» **EXERCISE DATA**
---+---
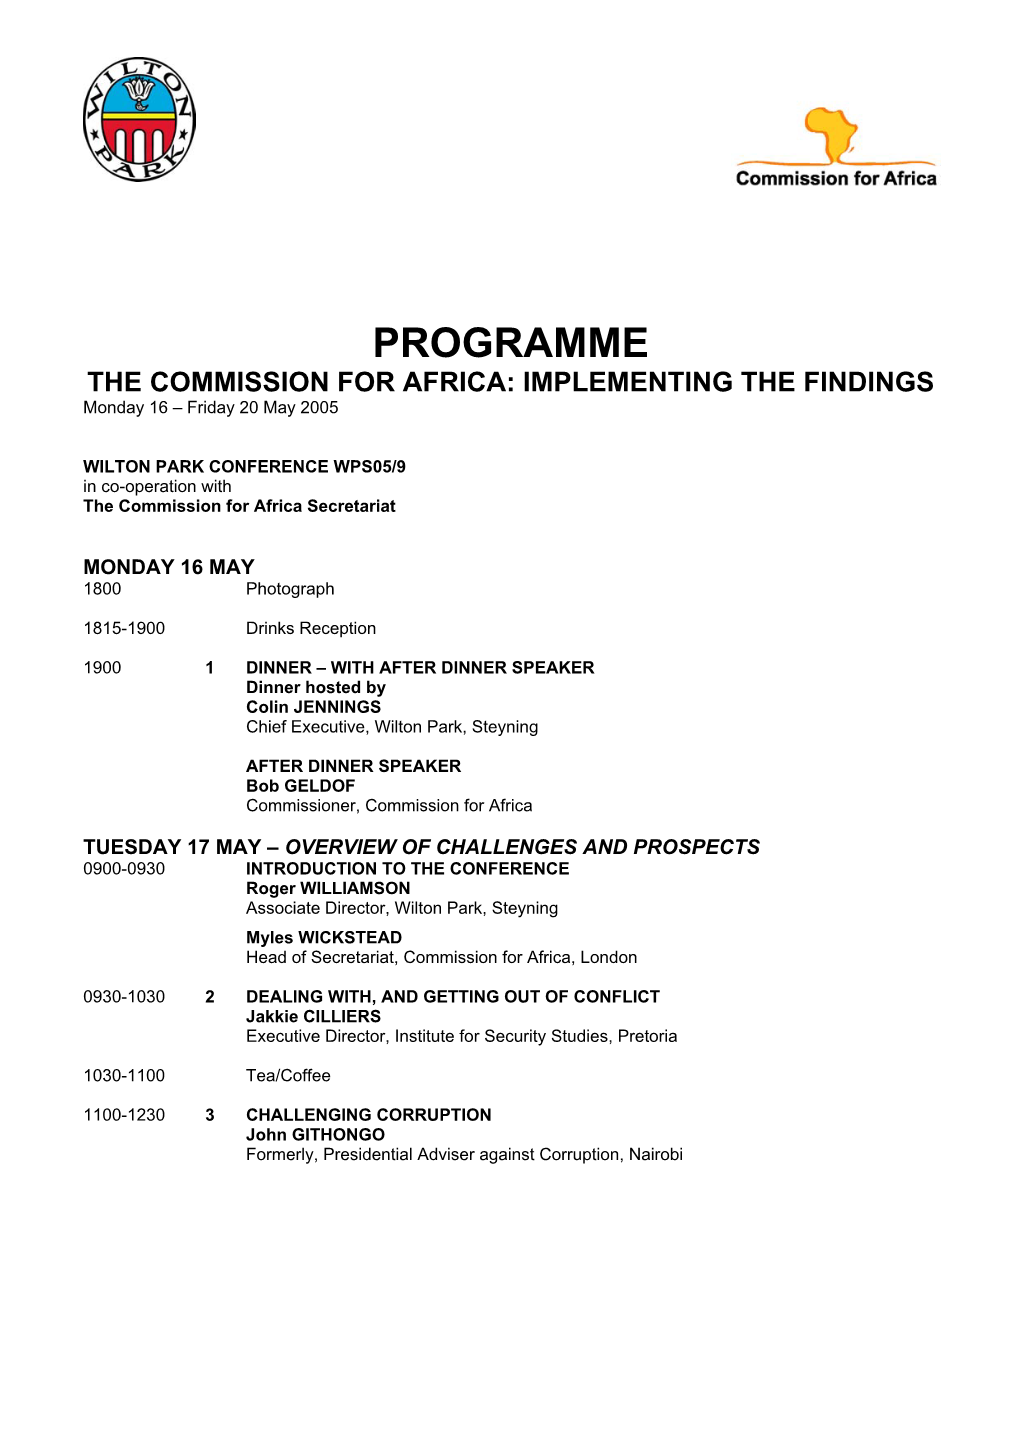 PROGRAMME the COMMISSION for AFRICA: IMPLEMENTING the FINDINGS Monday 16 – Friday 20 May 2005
---+---
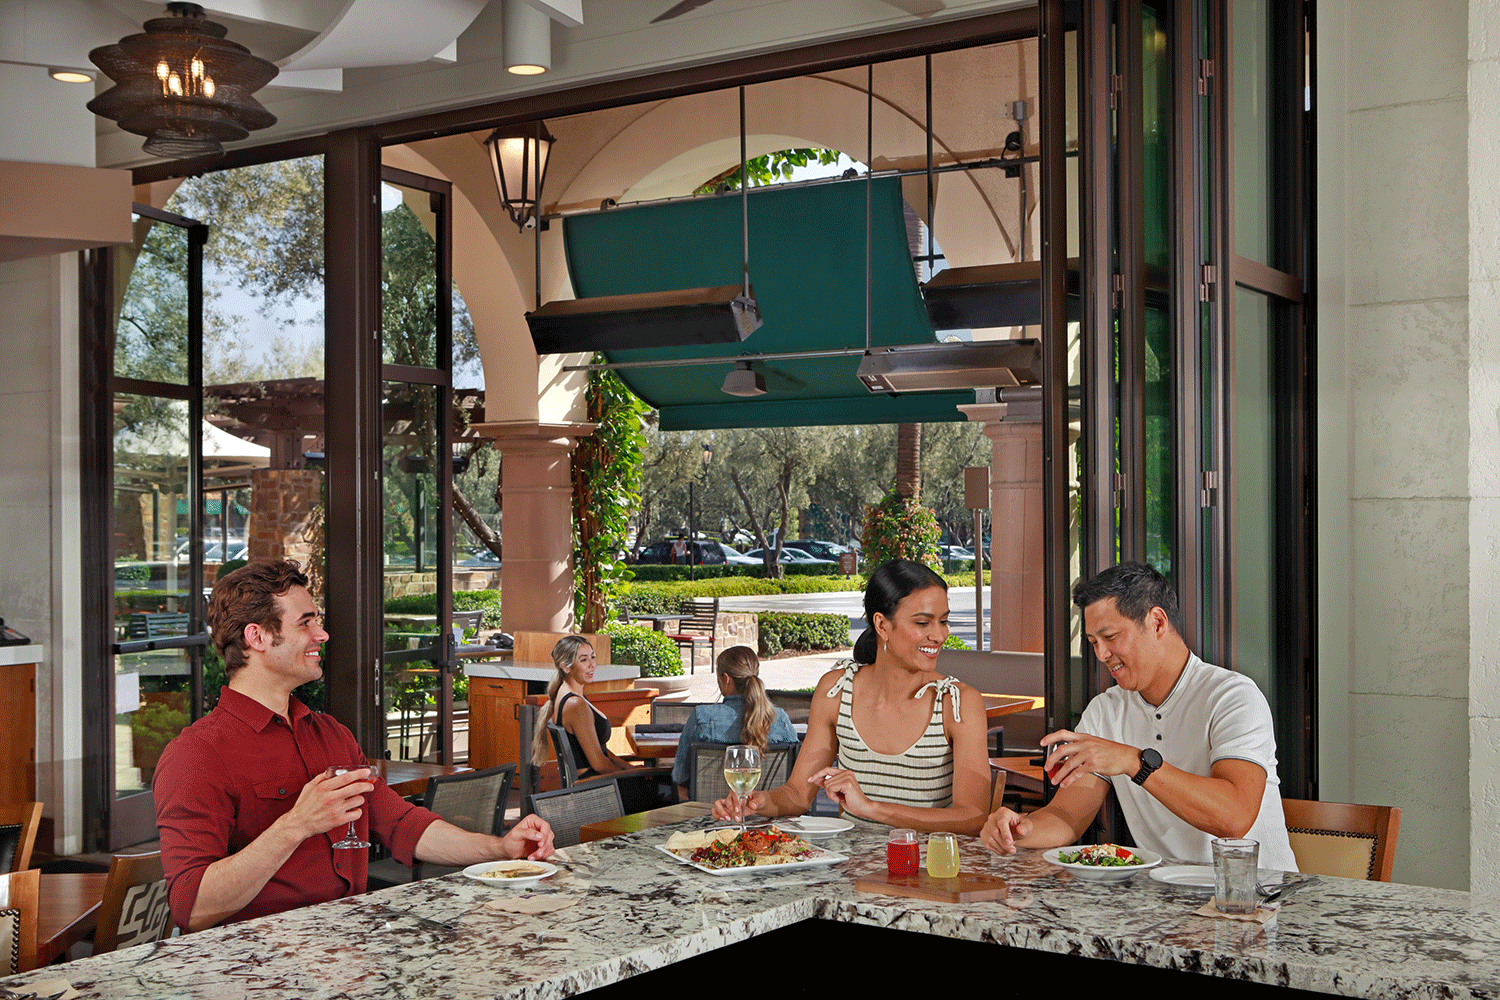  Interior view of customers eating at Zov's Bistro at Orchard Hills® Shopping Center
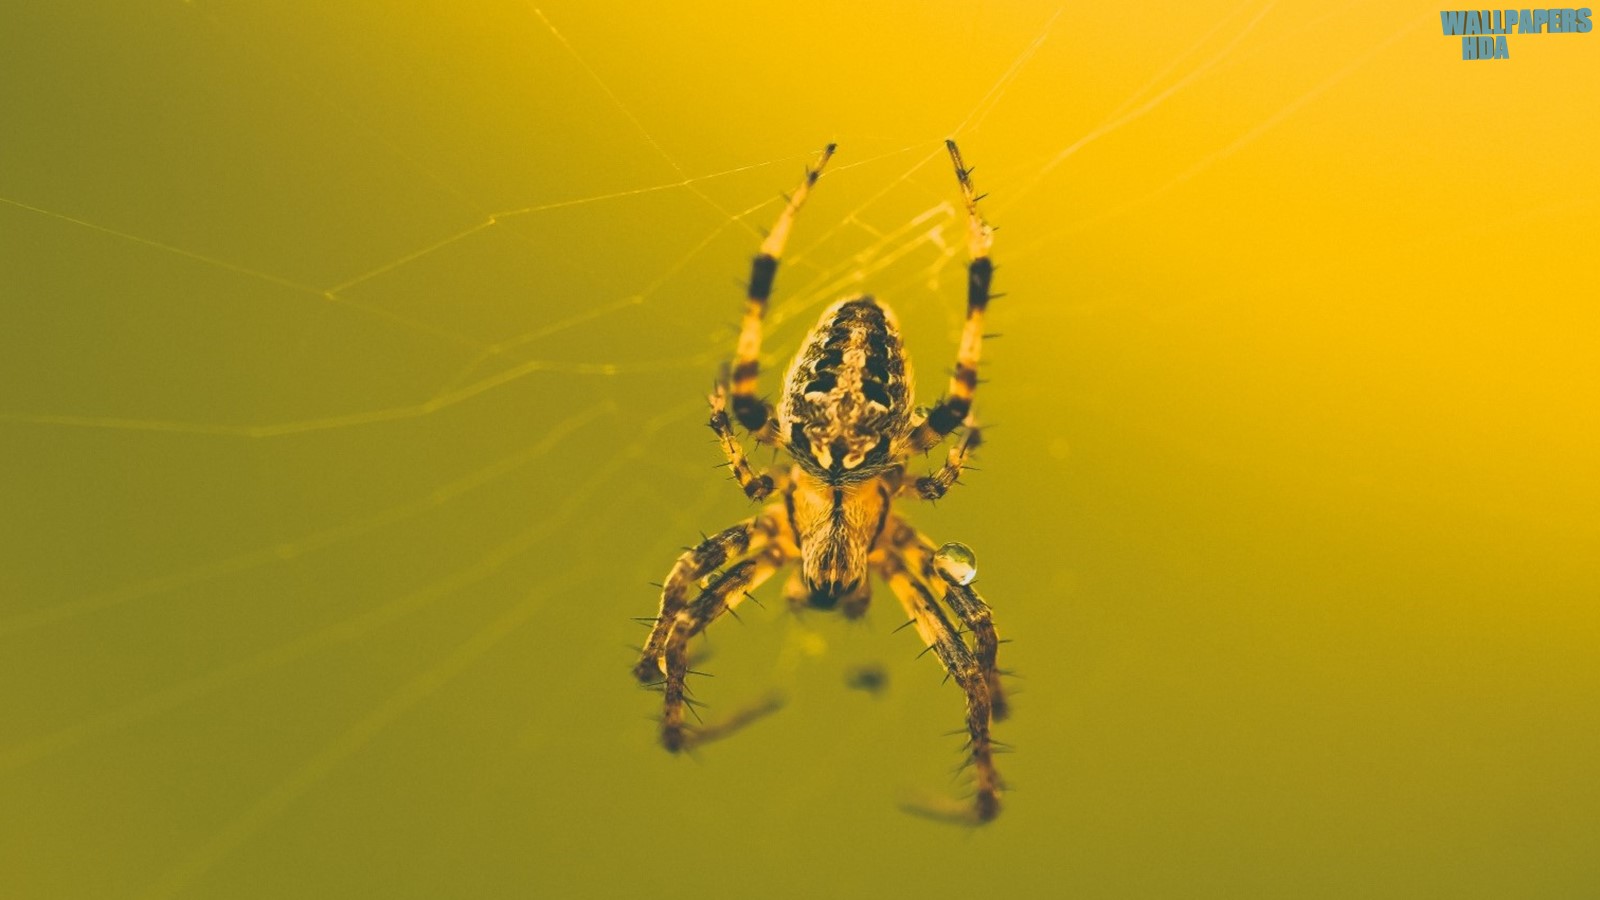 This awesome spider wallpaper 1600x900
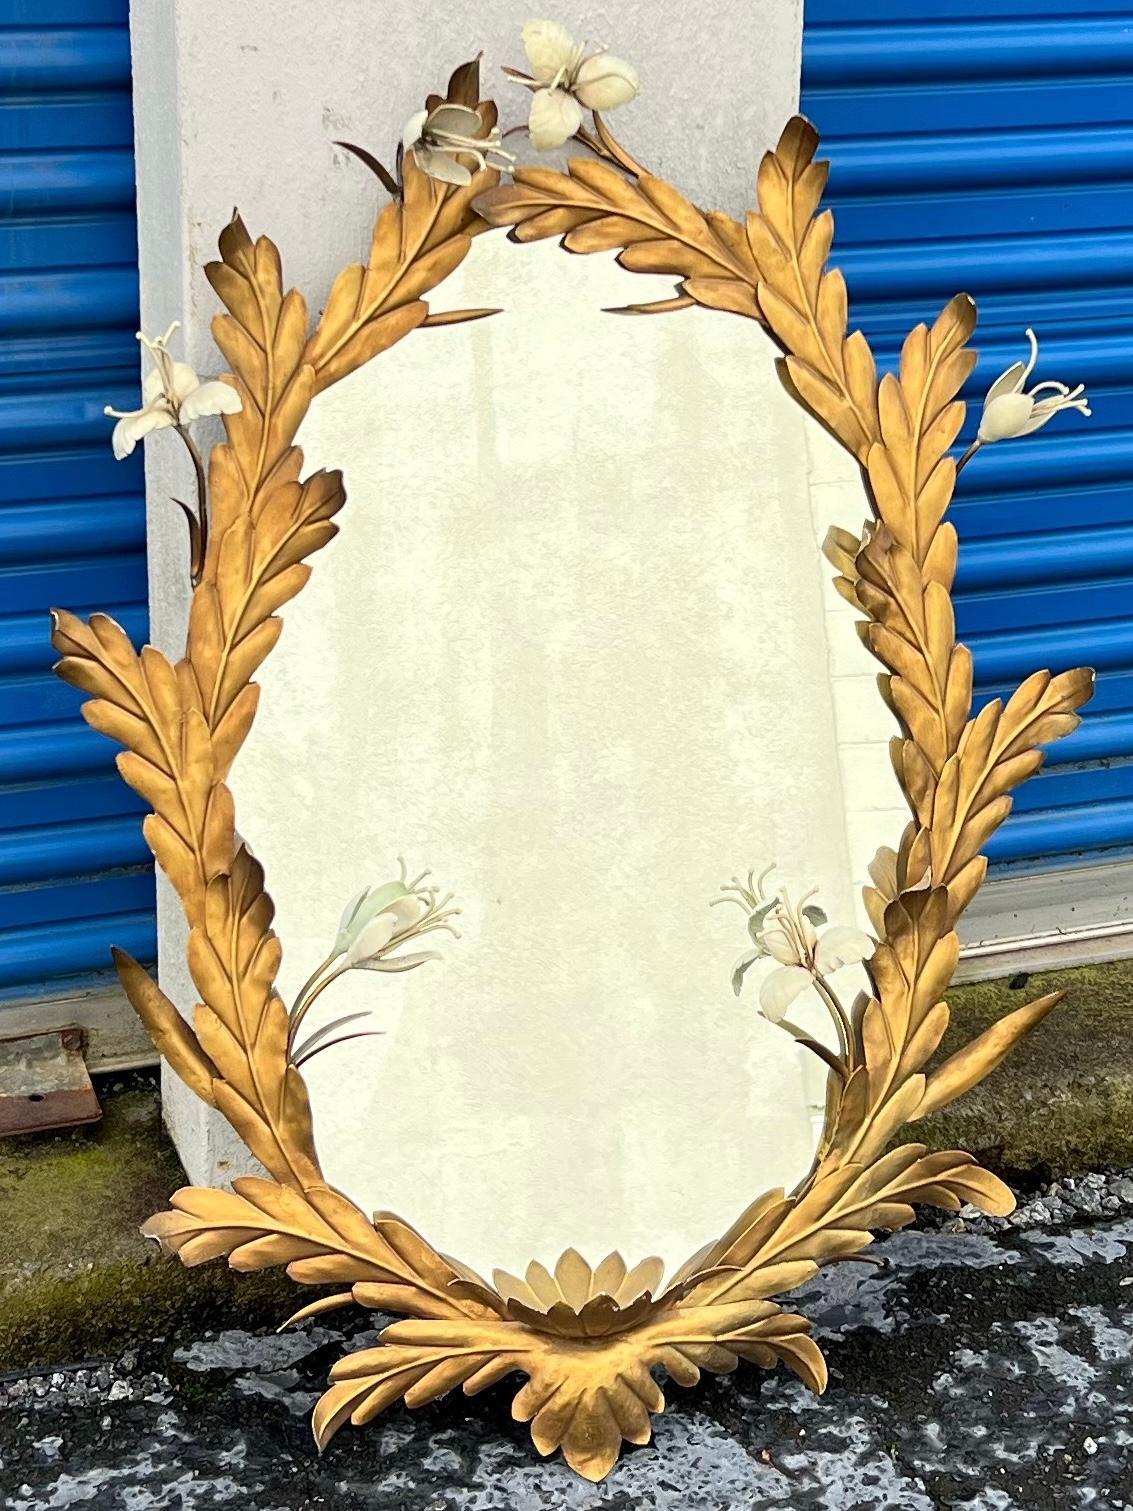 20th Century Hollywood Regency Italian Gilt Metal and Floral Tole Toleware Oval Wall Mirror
---+---
» **INSTRUCTIONS TO FOLLOW**
From the records above, copy only the lines running from the line holding "This awesome spider wallpaper 1600x900" through the line holding "20th Century Hollywood", with no pictures.

» **OUTPUT BELOW**
 This awesome spider wallpaper 1600x900
 20th Century Hollywood Regency Italian Gilt Metal and Floral Tole Toleware Oval Wall Mirror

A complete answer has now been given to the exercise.